What was the response to this command? ______

You should have the "absolute path name" from the root to your home directory. In the directory structure in Lab 3, the person's home directory was listed as /home/srp. In this example, the "/home" is the partition or group name and the "/srp" is the login name.

You will need the absolute path name that you received when you typed in the pwd above to copy the file employee to another directory. First, make a new directory. Type in:

mkdir lab8

Change your working directory to lab8 by typing in:

cd lab8

Verify that you are in subdirectory lab8. What command did you use to do this? ______

Use vi or other editors to create a new file named by employee with the contents as follows:

mgtCooper John 0615199566000

mgtDavidson Darla 0415199269500

mgtMacDonald George 0615198570000

actSmith Thomas 0410200256000

actSmith Alecia 0412199165000

misMacLeod Janice 0102197790000

misMack Joe 0225200385000

misWinslow Sarah 0215199558000

admSmith Dexter 01021975100000

misBennett Joan 0815200179000

mgtNeason Elizabeth1025199865500

actNeSmith Donald1130196699500

Then close the file and type in:
ls

The file employee consists of information on employees. The column titles and tables are listed only for your information and do not appear in the file. The file follows:

Dept / Last Name First Name / DateHired / Salary
mgt / Cooper John / 06151995 / 66000
mgt / Davidson Darla / 04151992 / 69500
mgt / MacDonald George / 06151985 / 70000
act / Smith Thomas / 04102002 / 56000
act / Smith Alecia / 04121991 / 65000
mis / MacLeod Janice / 01021977 / 90000
mis / Mack Joe / 02252003 / 85000
mis / Winslow Sarah / 02151995 / 58000
adm / Smith Dexter / 01021975 / 100000
mis / Bennett Joan / 08152001 / 79000
mgt / Neason Elizabeth / 10251998 / 65500
act / NeSmith Donald / 11301966 / 99500

In order to see what the file looks like, type in:

cat employee

Sort Command

Sort sorts the file on a line-by-line basis. If the first characters on two lines are the same, sort looks at the second characters to determine the proper order. This process continues until sort finds a character that differs between the lines. If lines are identical, it does not matter which one sort puts first. It also uses machine collating sequence--which in this case is ASCII code. Some important features of ASCII code is that capital letters have higher priority than lower case letters. Numbers have a higher priority than letters. A copy of the ASCII code chart is attached to the end of this lab for your reference. An important point to remember is that sort is a filter and does not change the contents of the input file. It takes the contents of the specified input and outputs it in a sorted fashion. In other words, it filters its input. If the output is not redirected to a file, the output goes to stdout--which means the terminal screen. The sorted output will not be saved unless the output is redirected to a file.

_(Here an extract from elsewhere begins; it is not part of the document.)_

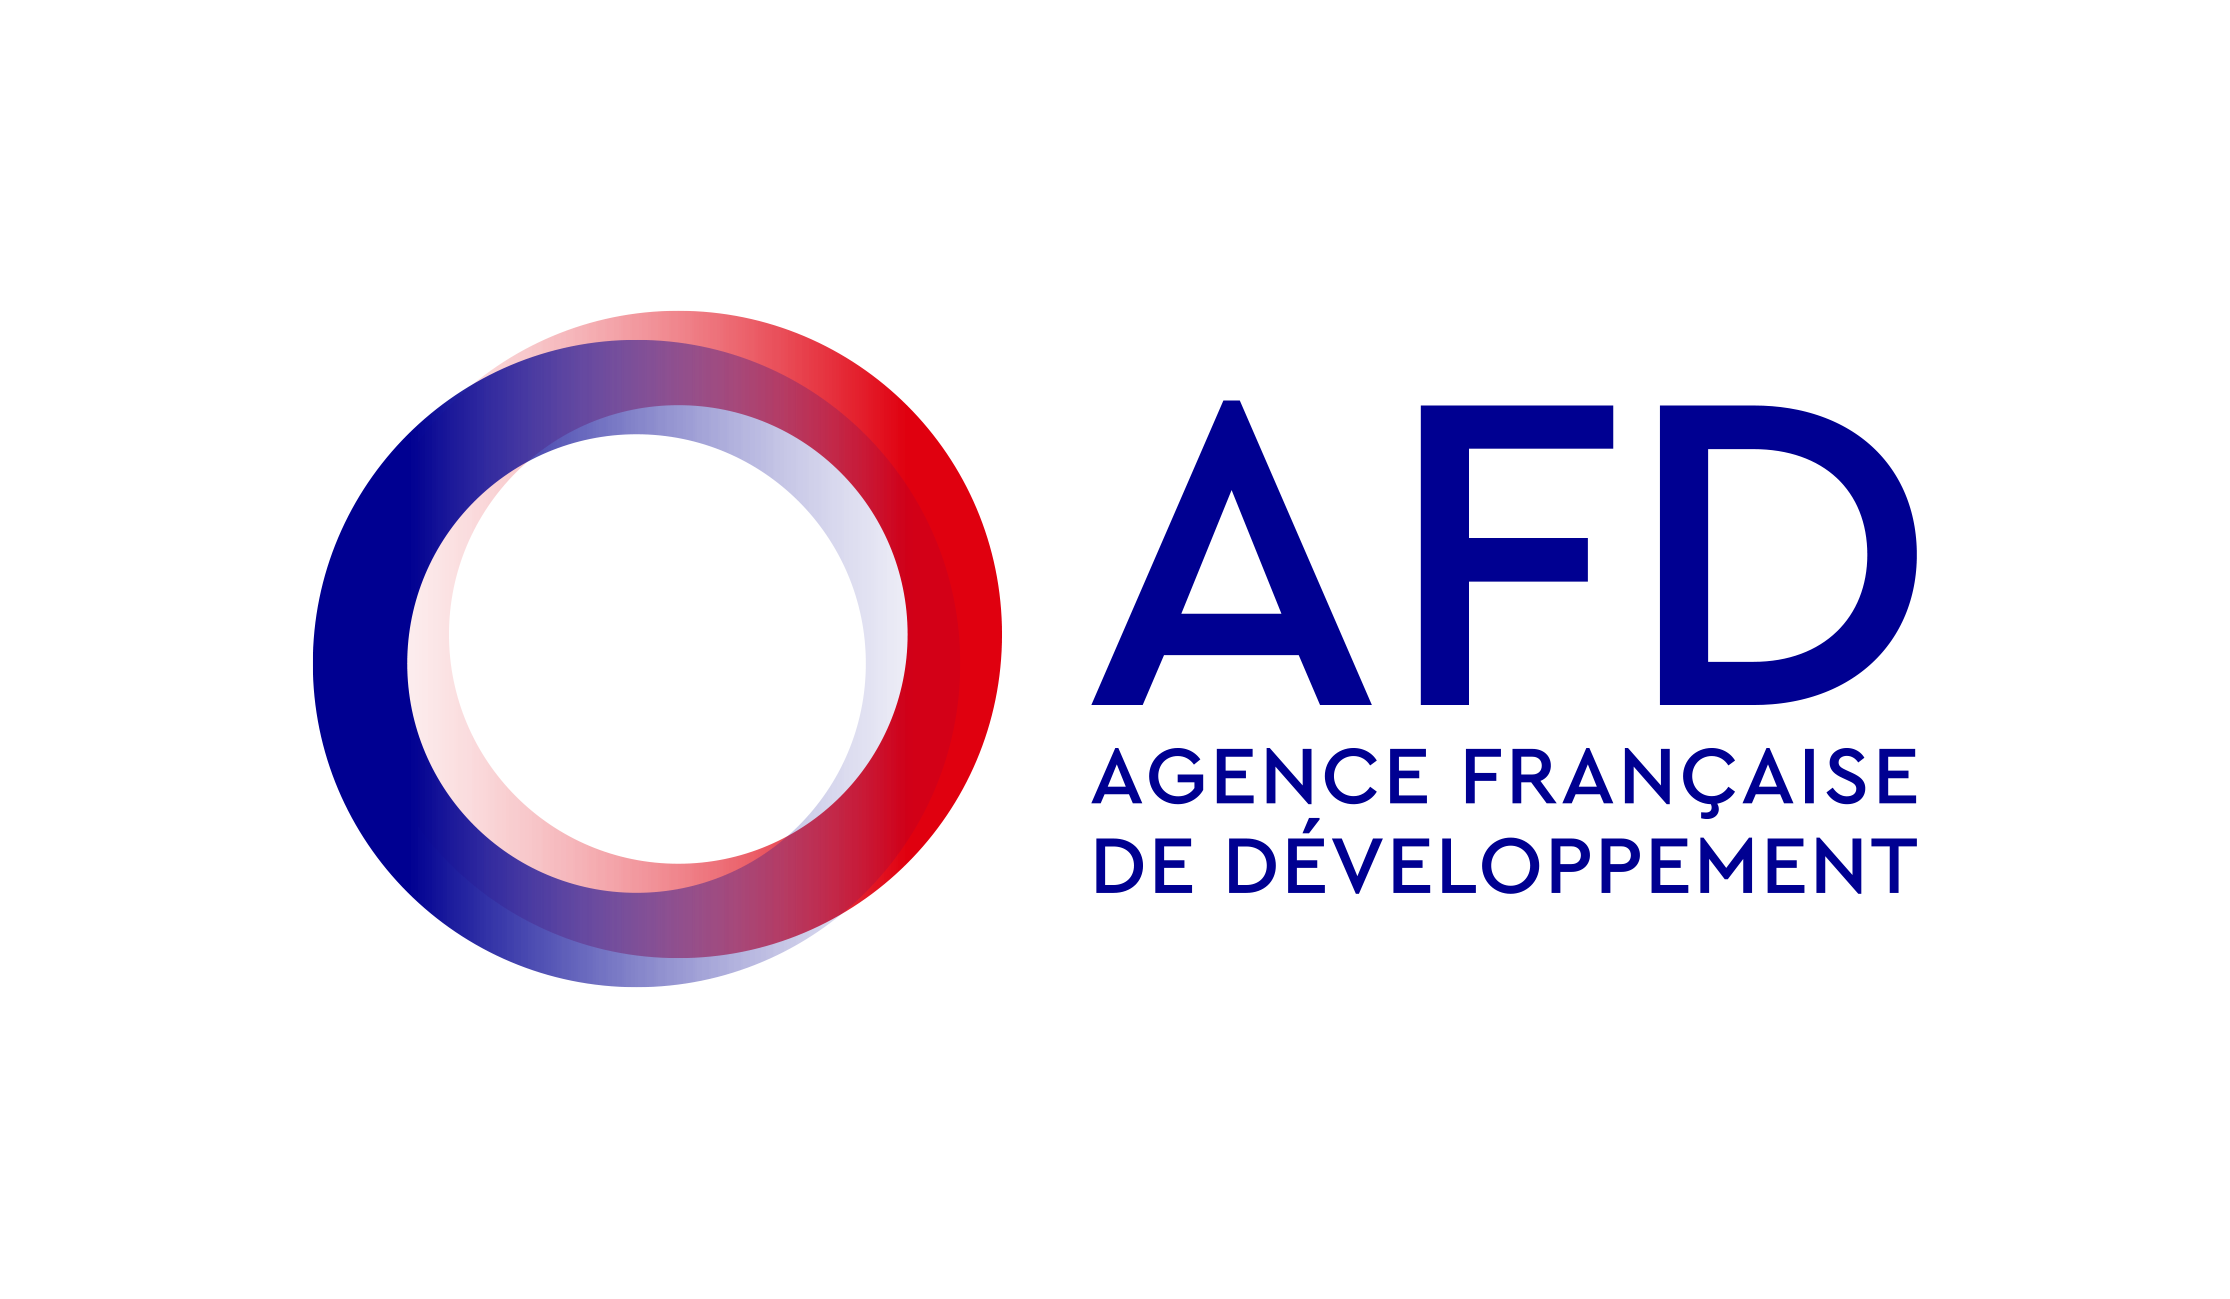 Agence française de développement Group (AFD Group)

First, type the following command:

sort employee

What is the order that employee is sorted in? ______

Give a brief description of how the file is sorted. ______

The first sort will sort the Dept field in alphabetic order. The sort command will sort the first field on the machine's collating sequence if no options are specified (in ASCII sequence on the SUN system). Listed below are some options that you will use to control the way in which the the sort command works. There are other options available that are explained in the man page for sort.

-b ignore leading blanks - Blanks (TAB and SPACE characters) are normally field delimiters in the input file. Unless you use this option, sort also considers leading blanks to be part of the field they precede.

-f fold lowercase into uppercase- This considers all lowercase letters to be uppercase letters. Use this option when you are sorting a file that contains both uppercase and lowercase text.

-n numeric sort - When you use this option, minus signs and decimal points take on their arithmetic meaning and the -b option is implied. The sort utility does not order lines or order sort fields in the machine collating sequence but in arithmetic order.

-r reverse - Reverses the order of the sort. If it is a numerical sort, the output will be in descending order.

You can sort on the different line fields. There are five line fields (dept, last, first, date hired, and salary). These sequences are bounded by blanks or by a blank and the beginning or end of a line. You can use these line fields to define a sort field. You can instruct sort to skip several fields if you wish. Even though there are five fields, the first field is considered to be +0, the second field is +1, the third is +2, etc. If you wish to sort on the firstname field, you would use sort +2 employee. (think of this number as the number of fields to skip before beginning the sort)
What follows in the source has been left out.